Common log levels, from low to high, are: TRACE, DEBUG, INFO, WARN, ERROR, FATAL. In local environments, we usually set the log level to Trace to print all logs. In production, due to storage pressure, search performance, and disk IO impact, we adjust the log level to INFO or even ERROR. This means logs below this level won't be printed.

Does this mean we only need to log at the production level? For example, if production only logs INFO, should we skip DEBUG logs? Some project managers, to save on log management costs, only log ERROR in production. Should we skip INFO logs then? While this is common, reality is more complex, as shown in the following scenarios.

Scenario One

An engineer investigating low performance of a resource creation API in production found that logging INFO level logs with resource objects before saving them caused memory buffer exhaustion during peak times, slowing down the main thread and overall service performance. The engineer removed the log to reduce disk IO and solve the performance issue.

However, a later code change in the API service chain caused errors in created objects. Without the resource-saving logs, it was hard to determine if the issue was with the API request parameters or subsequent logic. Should we modify the log level and redeploy?

Scenario Two

If production logs are set to ERROR, a downstream service failure causing timeouts during peak QPS can generate massive error logs, increasing disk IO and CPU usage, leading to service crashes. How should we handle this?

Scenario Three

An engineer troubleshooting a production issue found that INFO logs were insufficient and needed a DEBUG log, but production only had INFO logs. Should we change the log level and restart the service?

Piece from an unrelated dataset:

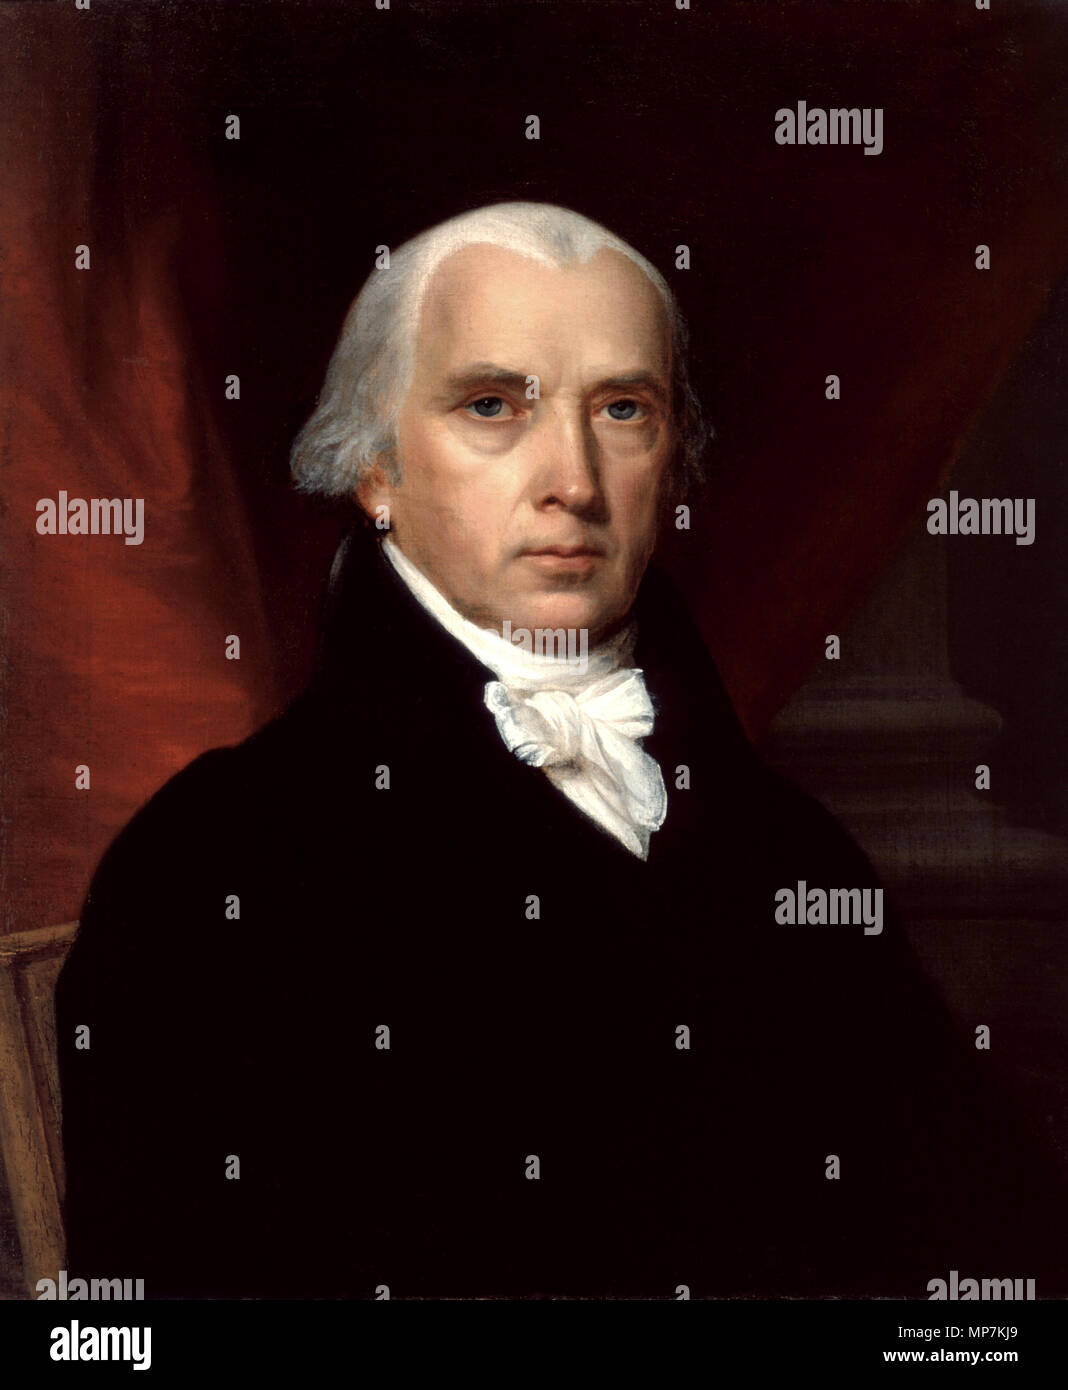 Retrato de James Madison, uno de los autores de los Documentos Federalistas,  y el cuarto presidente de los Estados Unidos Medio/Soporte: Óleo sobre  lienzo Medidas: 26 x 22 3/16 (66 x

Log Level Standards and Dynamic Adjustment

To solve these issues, we need clear log level standards in projects and dynamic log level adjustment. Lowering the log level in production to get comprehensive debug logs can help engineers locate issues efficiently. Raising the log level during log surges can reduce log generation, ease disk IO pressure, and improve service performance.

Here are some log level suggestions:

TRACE: Use during development to trace errors, but never commit to version control.
DEBUG: Log everything happening in the program. Use mainly during debugging, and reduce debug statements before production, leaving only the most meaningful entries, which can be activated during troubleshooting.
INFO: Log all user-driven events or system-specific operations (e.g., scheduled tasks).
WARN: Log potential errors, like a database call taking too long or a memory cache nearing capacity. This allows for appropriate alerts and better understanding of system behavior before failures.
ERROR: Log every error condition, like API calls returning errors or internal errors.
FATAL: Indicates the entire service is down. Use sparingly, usually indicating program termination.

Logging

When to Log

There's no standard for when to log; developers must judge based on business and code. Besides regular event logging (e.g., operations performed, unexpected situations, unhandled exceptions or warnings, scheduled tasks), I suggest logging in the following scenarios:

When calling third-party systems, log the API URL, Request/Response Body, and exceptions. This provides clear logs to identify issues, reducing disputes between different system operators or companies and facilitating problem resolution.
Log key code and branches in important core business, like if-then-else statements, to help developers understand if the program followed the expected path. Core business data is often hard to reproduce manually, so understanding code paths is crucial.
Audit logs for core business, especially if related to legal or contractual matters. Store logs in a strongly consistent database.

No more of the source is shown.